The Municipal Director stated that research by conducted by the UNDP on the World fertility policies in 2011 showed that in 2010, 277,000 women aged 20-24 were married before the age 18years and noted that If present trends continued, 407,000 of the young girls born between 2005 and 2010 would be married before age 18 by 2030.

This, Mr Made stressed, would negate Ghana's efforts at making impact in the attainment of the Sustainable Development Goals in the promotion of basic education, fight against poverty, the prevention of HIV/AIDS and reduction in maternal and infant mortality rate if pragmatic measures were not taken to address the situation now.

He commended Our Lady of Mercy Community Services for collaborating with the NCCE in targeting schools and communities to sensitize them on the negative effects of early and forced marriages as well as empowering key stakeholders to enforce existing legislation to fight the problem.

'Child marriage does not only affect the girl-child education but is also against the fundamental human rights as well as affect the physical, health and psychological state of the girl-child.
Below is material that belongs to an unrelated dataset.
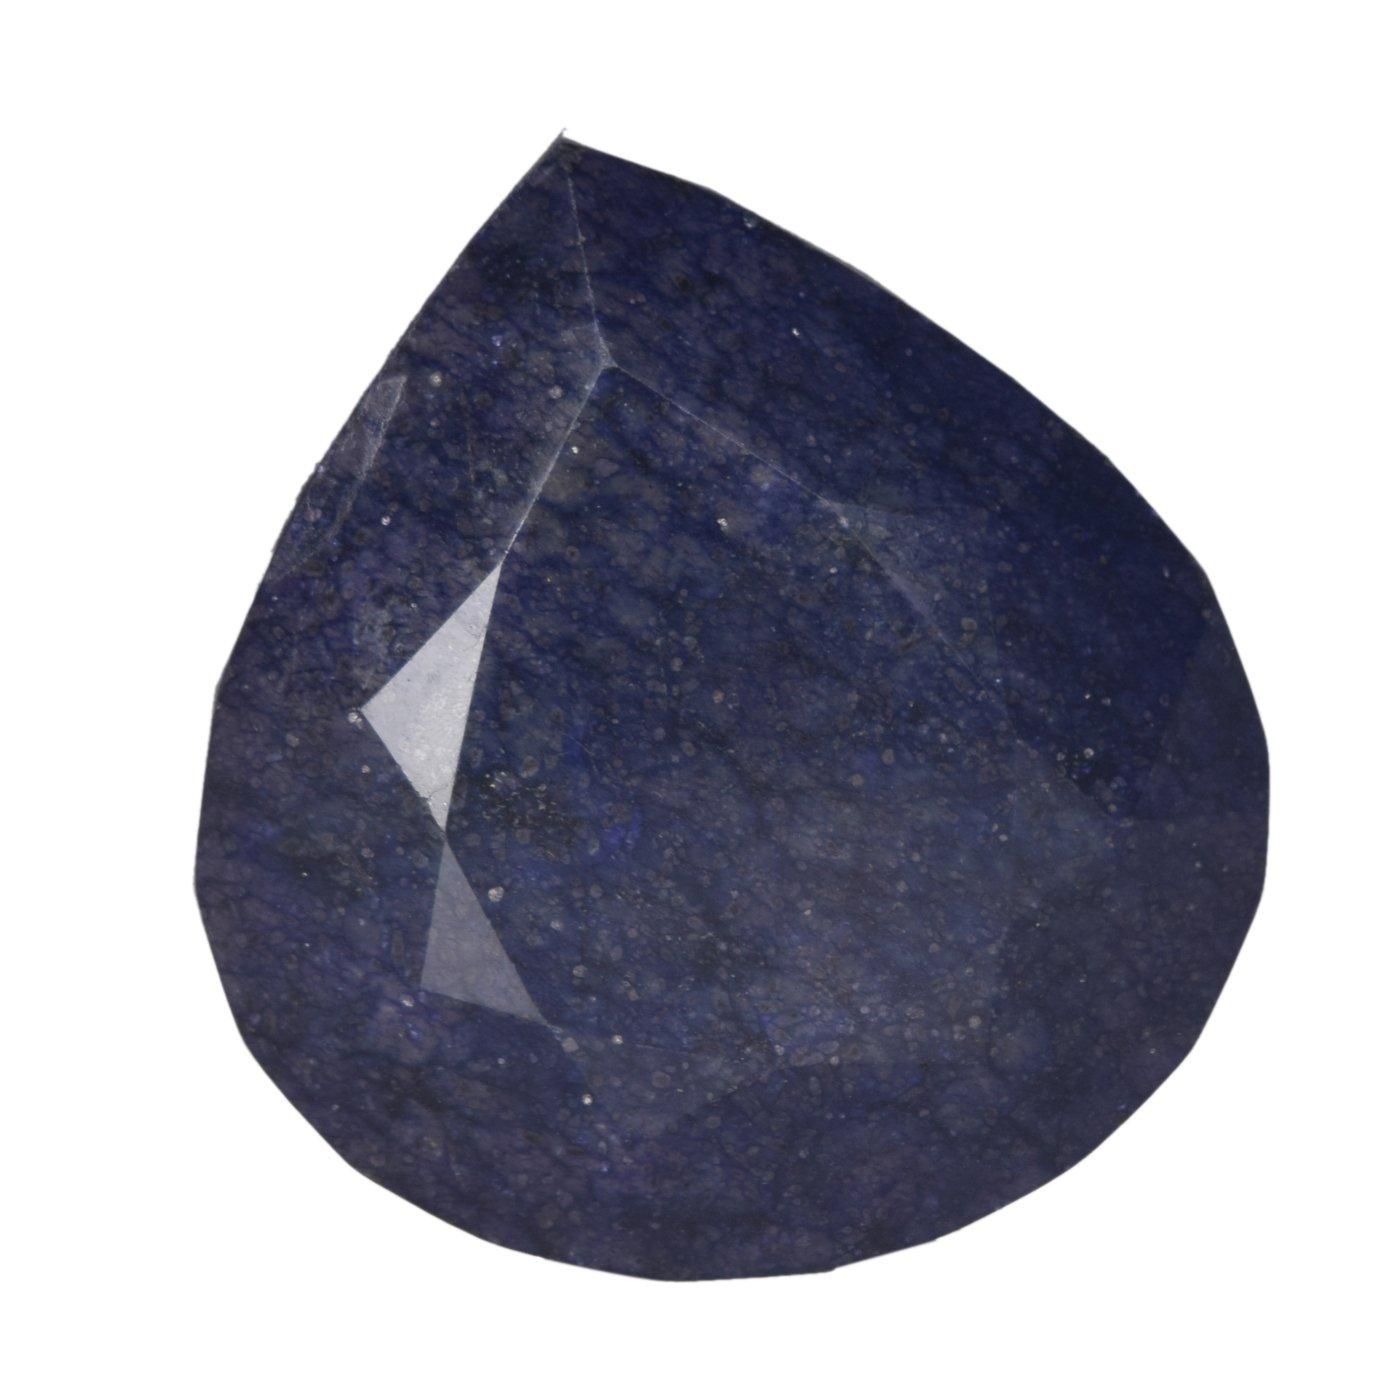 Deep Blue Natural Sapphires Gemstone EGLCertified 2000 Ct.(approximate) Pear Cut Natural Huge Blue Sapphire Loose Gemstone CB-366

Ending child marriage requires strategies for girls' empowerment, social and cultural norms change, legal reform, and policy action,' he stressed.

The NCCE Officer stated that it was not only the constitution of Ghana that was against child and early marriages, but the international laws including Convention on the Elimination on All Forms of Discrimination against Women (CEDAW) and The 1948 Universal Declaration of Human Rights.

Launching the project at Navrongo in the Kassena-Nankana Municipal, the Project Director of Our Lady of Mercy Community Services, an NGO, Mr Emmanuel Atiiga, explained that the training of the peer clubs was among one of the strategies his outfit had taken to fulfil the main project theme.

The Project Director said to ensure sustainability and effective monitoring of the clubs; his outfit was working in collaboration with the NCCE in both the KassenaNankana Municipal and Kassena-Nankana West District.

He stated that the project was being supported by the counselling centres established by the NGO in the three locations; namely Navrongo, Paga and Sirigu to offer counselling services to the adolescents and their parents.